Performance improvement for processing (#146)

sritterginkgo · web-flow · commit bb362a0e9e82 · 2024-05-31T17:08:01.000+01:00
diff --git a/src/litdata/streaming/writer.py b/src/litdata/streaming/writer.py
@@ -99,6 +99,9 @@ def __init__(
         self._distributed_env = _DistributedEnv.detect()
         self._follow_tensor_dimension = follow_tensor_dimension
 
+        self._per_sample_num_bytes = 0
+        self._per_sample_num_items = 0
+
     @property
     def filled(self) -> bool:
         """Returns whether the caching phase is done."""
@@ -277,8 +280,9 @@ def __setitem__(self, index: int, items: Any) -> None:
         self.add_item(index, items)
 
     def add_item(self, index: int, items: Any) -> Optional[str]:
-        # Track the minimum index provided to the writer
-        # Serialize the items and store an Item object.
+        """Given an index and items will serialize the items and store an Item object to the growing
+        `_serialized_items`."""
+
         if index in self._serialized_items:
             raise ValueError(f"The provided index {index} already exists in the cache.")
 
@@ -289,23 +293,50 @@ def add_item(self, index: int, items: Any) -> Optional[str]:
             bytes=len(data),
             dim=dim,
         )
-
-        if not self._should_write():
+        if self._min_index is None:
+            # When processing the first item for the current chunk
+            indexes = list(self._serialized_items.keys())
+            self._max_index = self._min_index = indexes[0] if len(indexes) == 1 else min(*indexes)
+            self._per_sample_num_items = self._per_sample_num_bytes = 0
+            if not self._should_write():
+                return None
+        elif index < self._min_index:
+            # reset the "temp" chunk
+            self._max_index = self._min_index = index
+            self._per_sample_num_items = self._per_sample_num_bytes = 0
+            if not self._should_write():
+                return None
+        elif index == self._max_index:
+            if not self._should_write():
+                return None
+        else:
             return None
+
         filepath = os.path.join(self._cache_dir, self.get_chunk_filename())
+
         self.write_chunk()
+
+        # now to reset
         self._min_index = None
         self._max_index = None
+        self._per_sample_num_bytes = 0
+        self._per_sample_num_items = 0
+
         return filepath
 
     def _should_write(self) -> bool:
         # TODO: Misleading method name, it modifies `self._min_index` and `self._max_index`!
         if not self._serialized_items:
             return False
-        indexes = list(self._serialized_items.keys())
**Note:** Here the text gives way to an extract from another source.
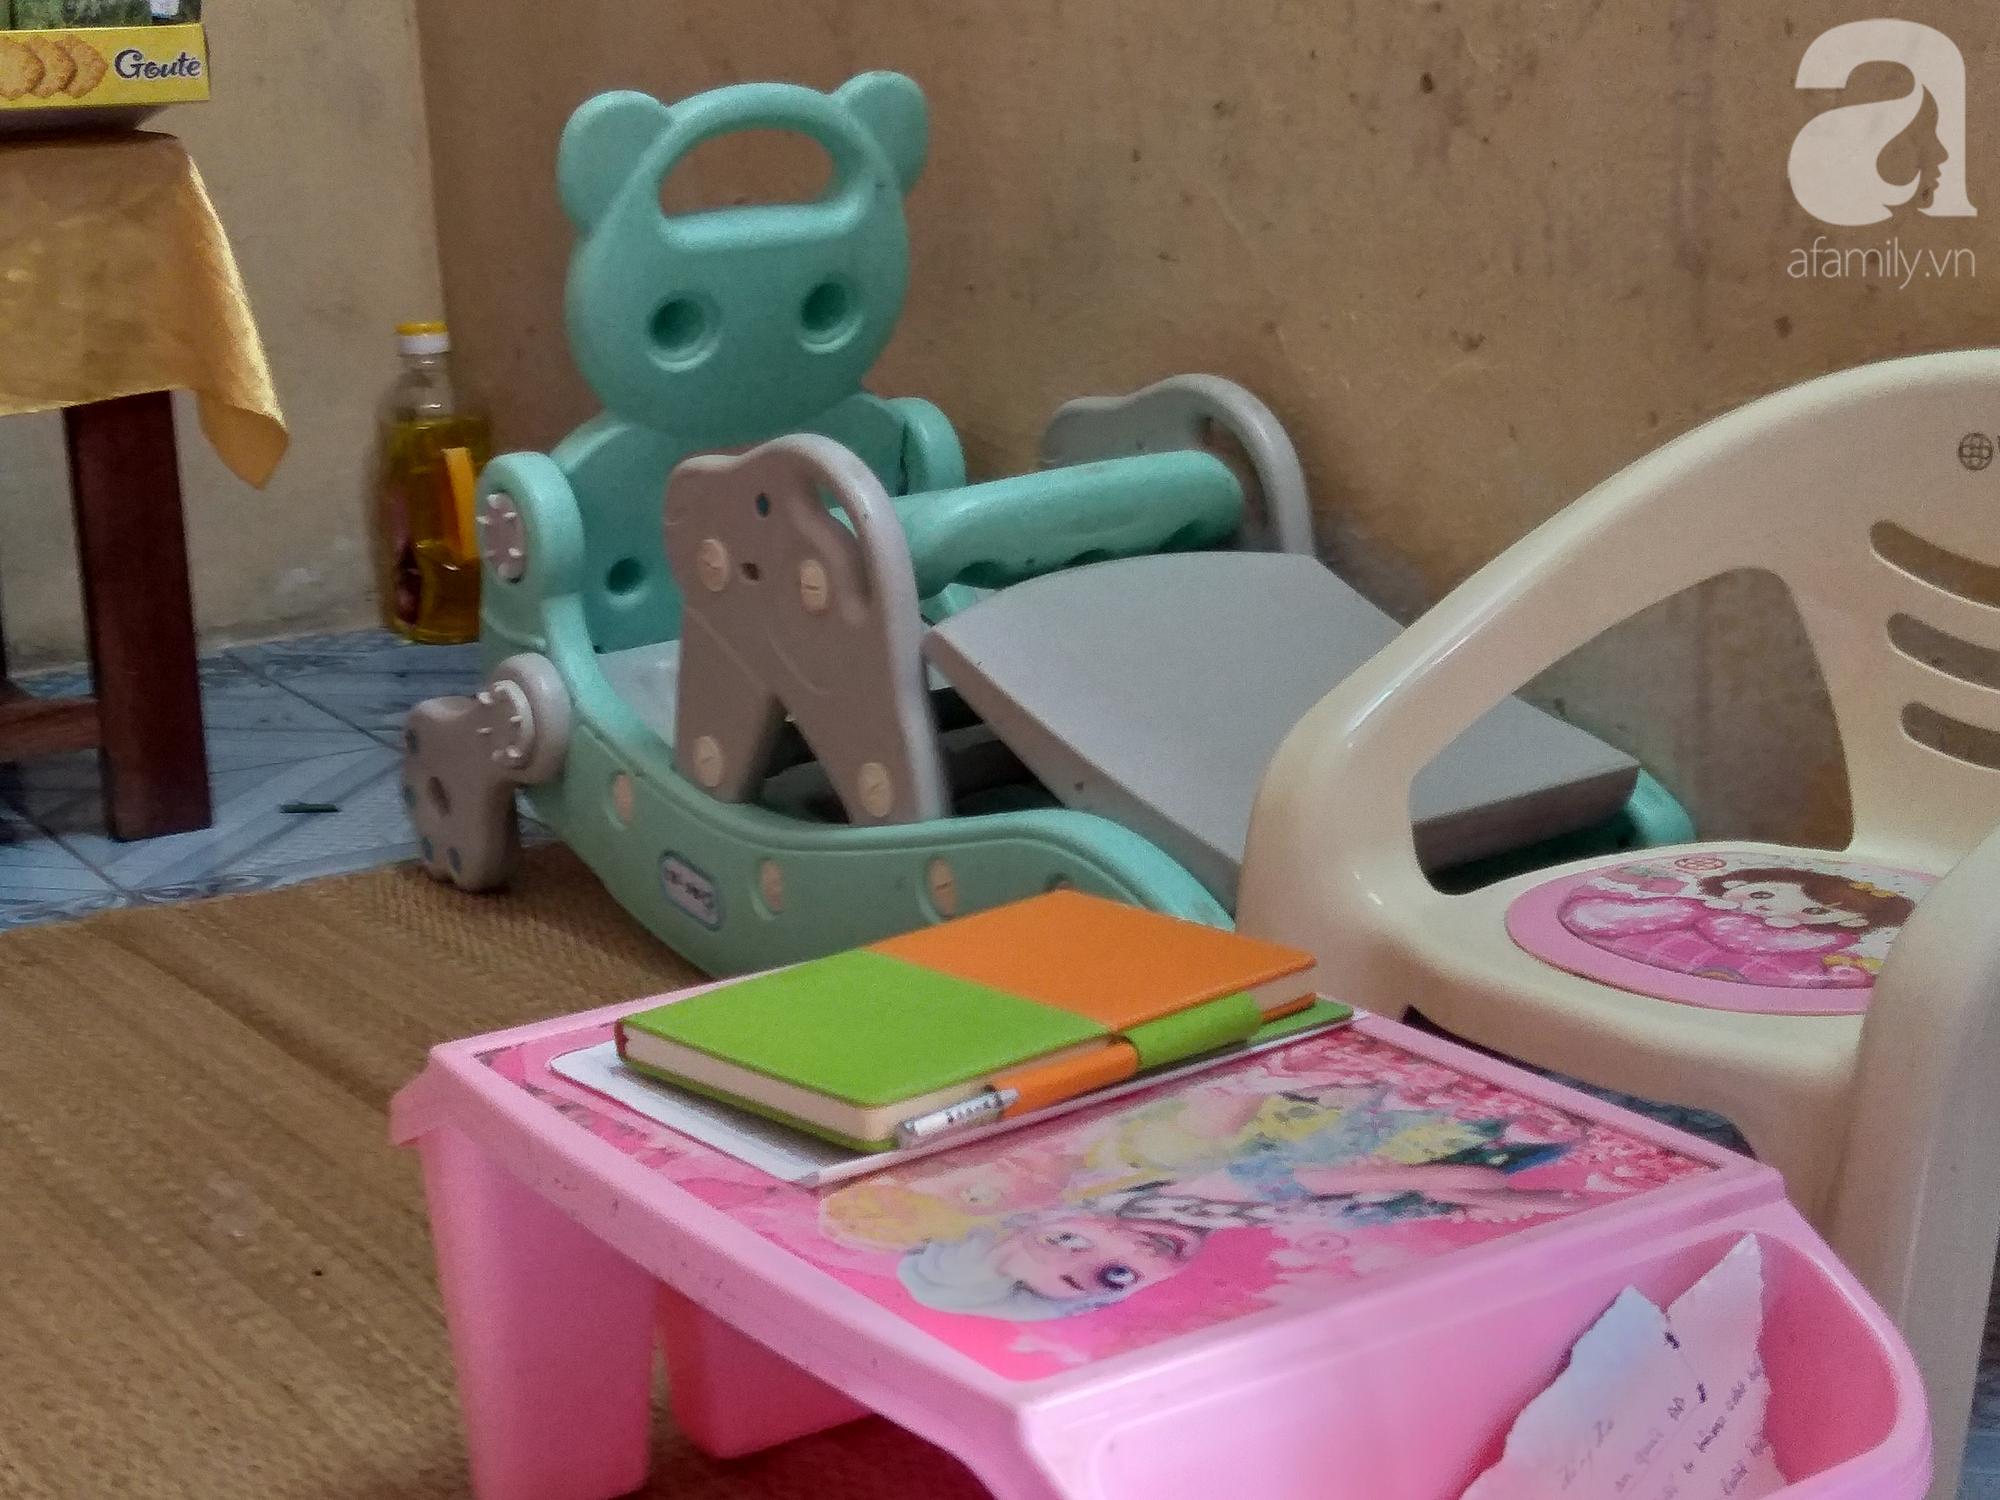 Vụ bé gái 3 tuổi tử vong nghi bị bạo hành: Bà ngoại chua xót kể về đứa con gái bất trị - Ảnh 2

-        self._min_index = index = indexes[0] if len(indexes) == 1 else min(*indexes)
-        num_bytes = 0
-        num_items = 0
+
+        if not isinstance(self._max_index, int):
+            return False
+
+        # We have already validated the indexes from the interval `min_index` to `max_index`` are in `_serialized_items`
+        # Resetting the num_bytes and  num_items back the values.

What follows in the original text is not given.